Even if we were not convinced that the error was harmless, the failure to object to an instruction before the court is closed to deliberate constitutes a waiver of the objection on appeal in the absence of plain error. United States v. Fisher, 21 M.J. 327 (C.M.A. 1986); R.C.M. 920(f). As we have noted, the appellant’s trial defense counsel acquiesced in the judge’s instructions in this regard, and unless the erroneous instruction constituted plain error, the appellant has no basis on which to claim relief. “In order to constitute plain error, the error must not only be both obvious and substantial, it must also have ‘had an unfair prejudicial impact on the jury’s deliberations.’ ” Fisher, 21 M.J. at 328 (quoting United States v. Young, 470 U.S. 1, 16 n. 14, 105 S.Ct. 1038, 1046 n. 14, 84 L.Ed.2d 1 (1985)). In this respect, the rationale that leads us to conclude that the instructional error was harmless also leads us to conclude that the mistake did not constitute plain error. So long as two-thirds of the members ultimately agreed upon the sentence that was announced, the possibility that a simple majority did not formally vote to reconsider with a view to increasing the punishment does not amount to a substantial error with an unfair, prejudicial impact. •
VII.
As to the appellant’s second assignment of error, we find the sentence adjudged to be an appropriate punishment under the circumstances of this case.

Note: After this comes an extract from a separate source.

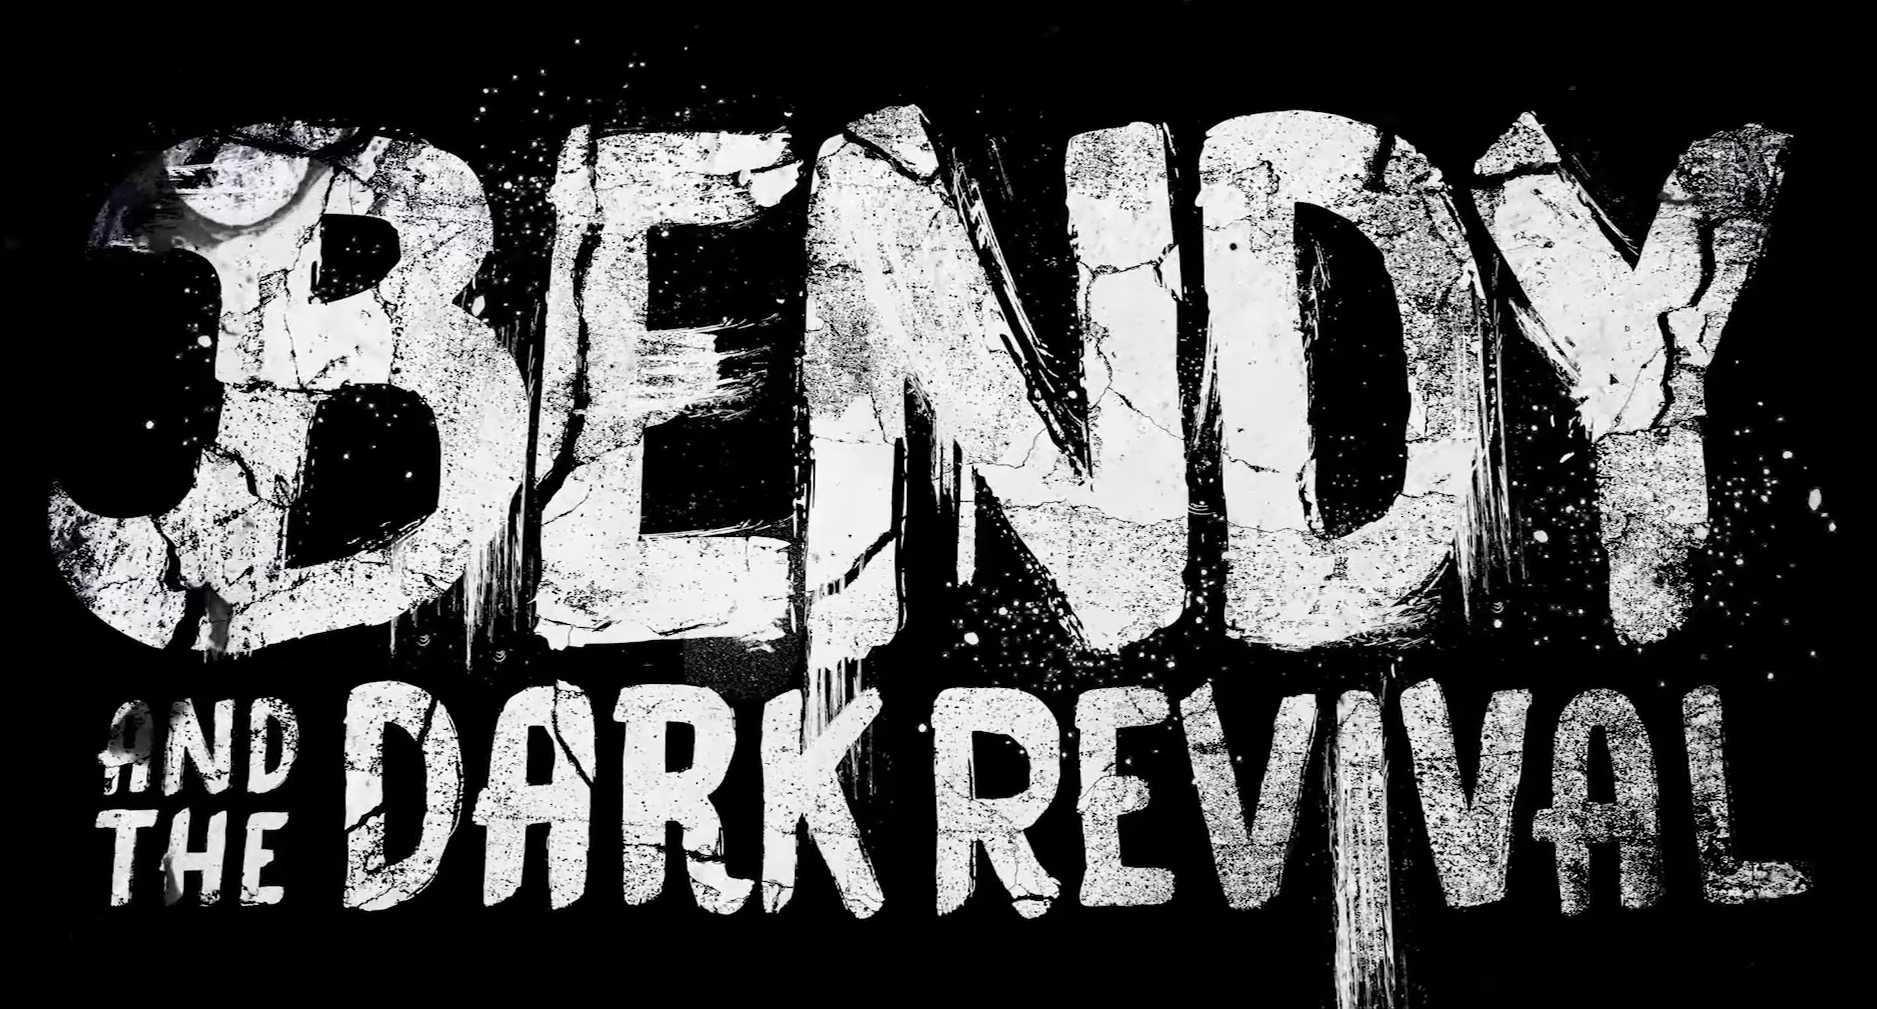 Download Bendy Dark revival For MCPE android on PC

Accordingly, the findings and sentence as approved below are affirmed.
. I. THE MILITARY JUDGE ERRED WHEN HE ERRONEOUSLY INSTRUCTED THE MEMBERS THAT IF THEY VOTED TO RECONSIDER A PORTION OF A SENTENCE, EITHER TO INCREASE THE SENTENCE OR DECREASE IT, THE MEMBERS WERE NOT BOUND BY THEIR EARLIER DETERMINATION.

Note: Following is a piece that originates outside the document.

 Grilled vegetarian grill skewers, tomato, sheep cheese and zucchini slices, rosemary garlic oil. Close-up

II. THE SENTENCE OF A REDUCTION TO PAY GRADE E-l AND A SENTENCE TO THREE YEARS CONFINEMENT IS INAPPROPRIATELY SEVERE CONSIDERING THE CIRCUMSTANCES OF THIS CASE.
. In light of the sentence ultimately adjudged and to avoid what appears to be an unnecessary complicating factor, we have assumed that the previously agreed upon sentence did not include confinement for more than 10 years.
. Vazquez touches upon but does not resolve the question concerning the status of the previously agreed upon sentence once a suggestion to reconsider has garnered the necessary affirmative votes. Although there is nothing in the Code or the Manual to suggest that a request to reconsider with a view to either increasing or decreasing a sentence should specify what aspect of the sentence is to be either increased or decreased, there is nothing that prohibits such specificity. But whether we view the sentence as a whole or as specific punishments within a sentence, the question remains whether the previously agreed upon sentence or the various punishments within it retain any vitality once the members have decided to reconsider.